Dataset extract —
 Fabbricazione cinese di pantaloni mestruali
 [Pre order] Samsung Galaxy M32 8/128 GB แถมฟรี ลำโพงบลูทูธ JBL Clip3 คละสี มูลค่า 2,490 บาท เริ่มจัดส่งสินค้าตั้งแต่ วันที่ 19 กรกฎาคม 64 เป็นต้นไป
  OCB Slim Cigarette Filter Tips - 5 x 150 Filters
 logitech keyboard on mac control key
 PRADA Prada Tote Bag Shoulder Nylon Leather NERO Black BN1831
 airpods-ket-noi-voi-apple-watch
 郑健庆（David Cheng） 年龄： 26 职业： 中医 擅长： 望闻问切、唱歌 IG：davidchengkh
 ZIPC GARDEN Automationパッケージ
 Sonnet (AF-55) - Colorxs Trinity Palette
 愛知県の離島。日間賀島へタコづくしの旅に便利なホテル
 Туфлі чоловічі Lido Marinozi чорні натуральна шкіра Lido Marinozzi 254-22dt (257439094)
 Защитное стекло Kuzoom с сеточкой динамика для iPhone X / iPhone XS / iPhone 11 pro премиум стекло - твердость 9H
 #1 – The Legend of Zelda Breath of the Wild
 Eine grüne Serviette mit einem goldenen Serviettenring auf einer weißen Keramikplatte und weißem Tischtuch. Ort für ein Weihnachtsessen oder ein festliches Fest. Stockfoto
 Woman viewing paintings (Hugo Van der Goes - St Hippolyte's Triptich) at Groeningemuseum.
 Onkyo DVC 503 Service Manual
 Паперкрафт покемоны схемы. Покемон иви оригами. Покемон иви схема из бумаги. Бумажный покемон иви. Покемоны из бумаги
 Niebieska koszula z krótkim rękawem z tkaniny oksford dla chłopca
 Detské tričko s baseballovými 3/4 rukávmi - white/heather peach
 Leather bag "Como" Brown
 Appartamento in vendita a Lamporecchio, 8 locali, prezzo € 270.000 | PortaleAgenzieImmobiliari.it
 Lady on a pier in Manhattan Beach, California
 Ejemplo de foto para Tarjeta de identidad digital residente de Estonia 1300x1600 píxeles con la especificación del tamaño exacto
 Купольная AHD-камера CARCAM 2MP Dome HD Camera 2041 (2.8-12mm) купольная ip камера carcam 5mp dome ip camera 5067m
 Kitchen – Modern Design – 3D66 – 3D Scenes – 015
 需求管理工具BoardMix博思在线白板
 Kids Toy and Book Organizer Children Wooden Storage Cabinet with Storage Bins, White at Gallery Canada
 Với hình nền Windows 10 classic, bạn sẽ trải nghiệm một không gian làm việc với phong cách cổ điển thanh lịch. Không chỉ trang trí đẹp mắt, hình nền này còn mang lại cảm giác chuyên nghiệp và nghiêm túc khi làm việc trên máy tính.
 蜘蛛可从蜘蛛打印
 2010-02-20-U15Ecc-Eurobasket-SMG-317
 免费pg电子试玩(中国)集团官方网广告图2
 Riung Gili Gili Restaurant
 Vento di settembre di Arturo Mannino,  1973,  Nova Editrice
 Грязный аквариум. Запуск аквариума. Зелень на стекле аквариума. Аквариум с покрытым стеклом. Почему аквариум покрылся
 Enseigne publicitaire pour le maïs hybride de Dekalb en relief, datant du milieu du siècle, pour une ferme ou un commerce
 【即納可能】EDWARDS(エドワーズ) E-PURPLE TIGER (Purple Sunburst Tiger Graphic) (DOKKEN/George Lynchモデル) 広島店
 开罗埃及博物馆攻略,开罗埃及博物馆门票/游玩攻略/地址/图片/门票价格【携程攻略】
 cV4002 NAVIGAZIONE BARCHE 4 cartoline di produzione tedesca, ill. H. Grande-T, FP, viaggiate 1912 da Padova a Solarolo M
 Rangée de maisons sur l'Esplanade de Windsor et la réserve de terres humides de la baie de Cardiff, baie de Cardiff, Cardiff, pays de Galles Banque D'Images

Exercise goal —
Show a copy of each line from the records above in which the string "Leather" occurs.

Exercise response —
 PRADA Prada Tote Bag Shoulder Nylon Leather NERO Black BN1831
 Leather bag "Como" Brown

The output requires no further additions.